Re: RFR: 8236073: G1: Use SoftMaxHeapSize to guide GC heuristics
Liang Mao
maoliang.ml at alibaba-inc.com
Tue Jan 14 09:07:50 UTC 2020
Hi Thomas,
Thank you for the detailed comments!
Most of suggestions I will follow to do the modification.
And I still have some questions:
>> 1. Does the SoftMaxHeapSize limitation need to consider the GC time
>> ratio as in
>> expand_heap_after_young_collection? Now we haven't put the logic in yet.
> I am not completely clear what you are asking about, but the gc time
> ratio only affects the current "optimal" heap size which is bounded by
> SoftMaxHeapsize/max_capacity.
The decision to shrink to SoftMaxHeapSize in this patch is based
on the method "G1HeapSizingPolicy::can_shrink_heap_size_to" which
counts "used" + "reserve" + "young". We will change it to
_heap_sizing_policy->shrink_amount(); as you commented.
I'm not considering the GC time ratio as a factor to determine
whether the heap can be shinked to SoftMaxHeapSize.
> - changes in G1CollectedHeap::resize_heap_if_necessary: please make the
> method to always use the soft max heap size as I do not understand why
> you would not do that.
Do you think we need to apply the logic "can_shrink_heap_size_to"

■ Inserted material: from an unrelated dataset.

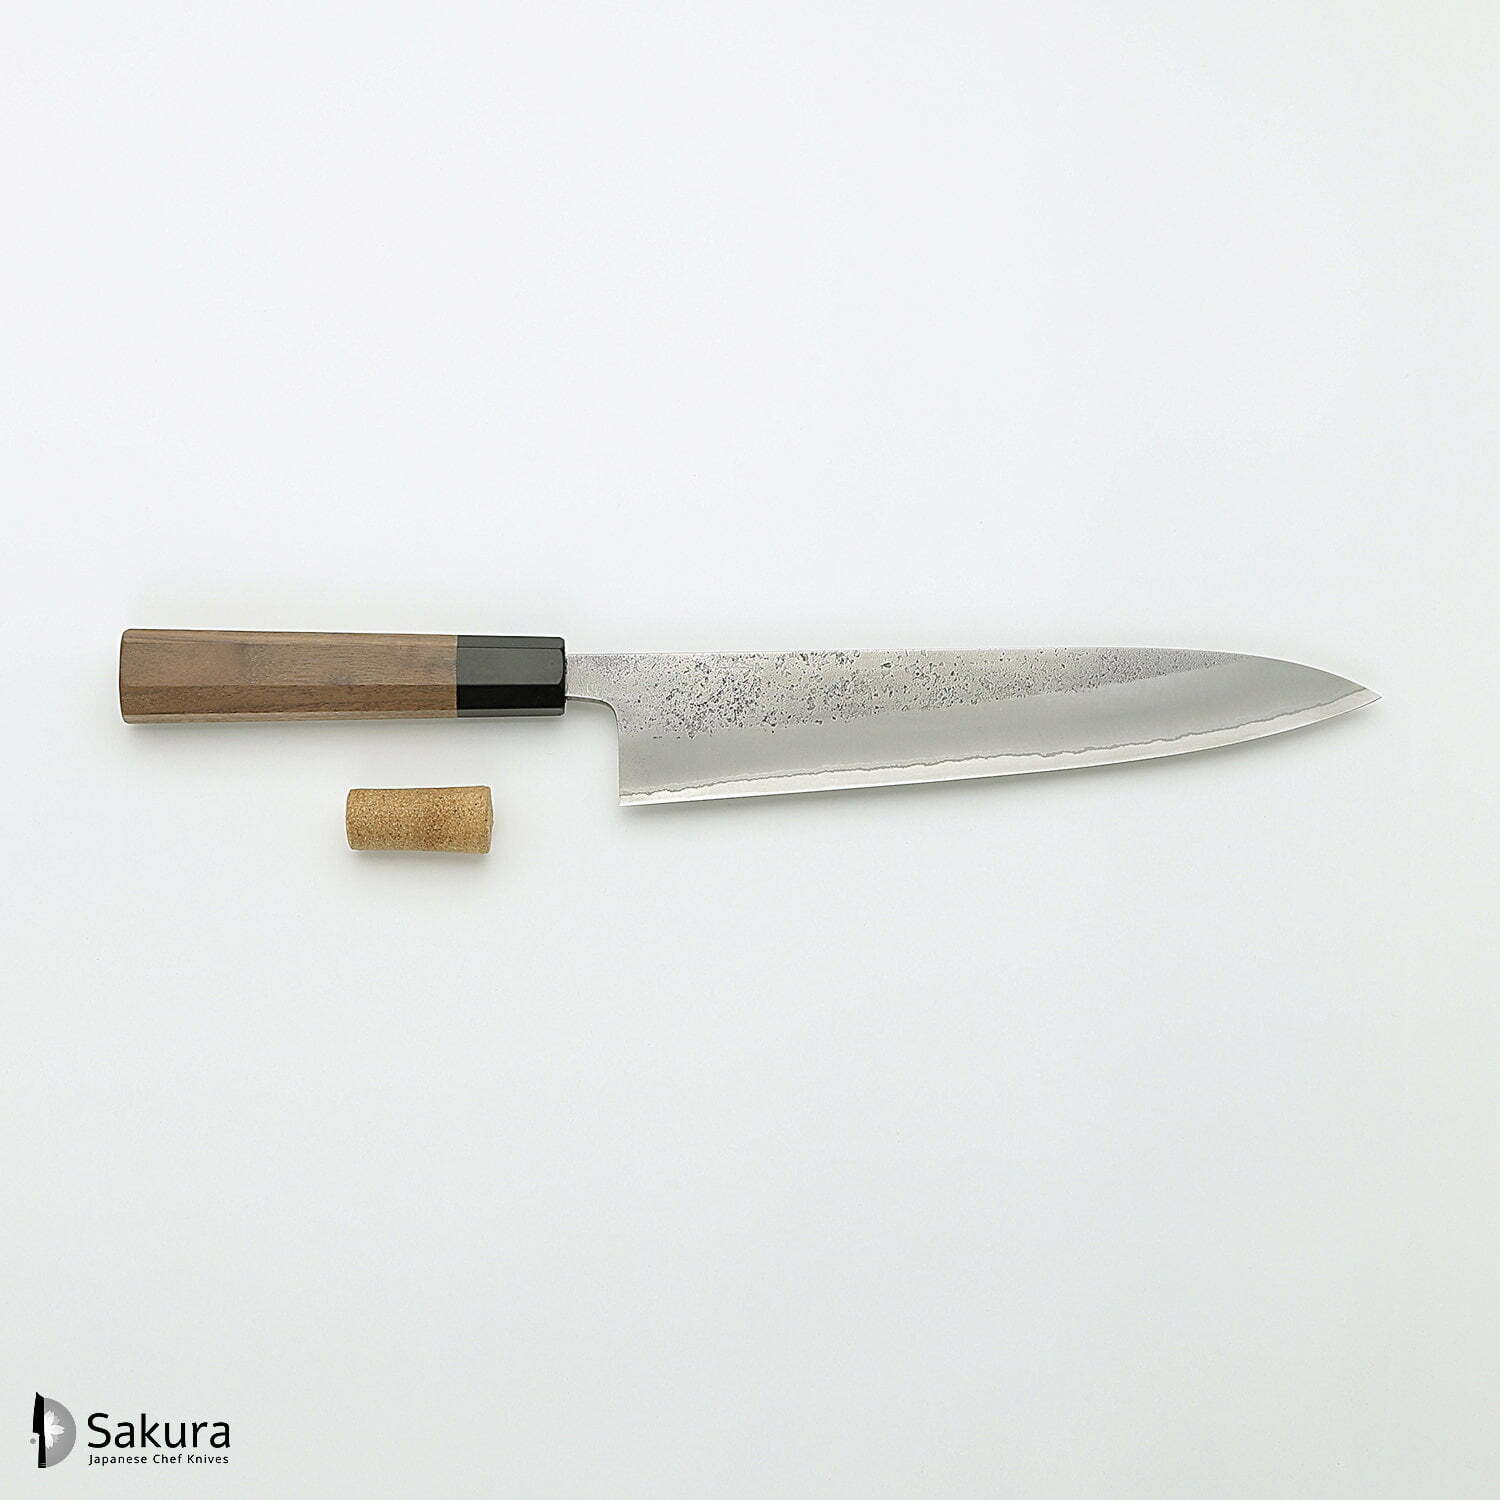 סכין שף רב-תכליתית גִּיוּטוֹ 240מ״מ מחושלת בעבודת יד 3 שכבות: פלדת פחמן יפנית מתקדמת מסוג Shirogami #2 עטופה פלדת אל-חלד גימור מט חיספוס טבעי יושיקאנה יפן

inside resize_heap_if_necessary to determine whether to make soft
max size as limit?
> - there is a bug in the synchronization of the concurrent uncommit
> thread: it seems possible that the uncommit thread is still working
> (iterating over the list of regions to uncommit) while a completed
> (young) GC may add new regions to that list as young gcs do not wait for
> completion of the uncommit thread.
Uncommit thread could be working parallelly with VMThread but
VMThread will not add regions to the concurrent_resizing_list
if concurrent resizing thread is in "working" state.
> Related to that is the use of par_set/clear_bit in e.g. the available
> bitmap: since all par/clear actions are asserted to be in the vm thread
> at a safepoint, there does not seem to be a need for using the parallel
> variants of set/clear bit (if keeping the current mechanism).
For above reason that concurrent uncommit can run parallely with
VMThread, the bit set/clear in vm thread at safepint have
to be parallel.
> - I have a feeling that if the concurrent uncommit thread worked on
> pages, not regions, the code would be easier to understand. It would
> also solve the issue you asked about with the
> G1RegionsSmallerThanCommitSizeMapper. You may still need to pass region
> numbers anyway for logging, but otoh the logging could be done
> asynchroniusly.
I don't quite understand this part... For the G1RegionsSmallerThanCommitSizeMapper,
a page can be simultaneously requested to commit in VMThread to expand
heap and uncommit in concurrent thread to shrink heap. Looks like lowering
uncommit work to page level couldn't help this...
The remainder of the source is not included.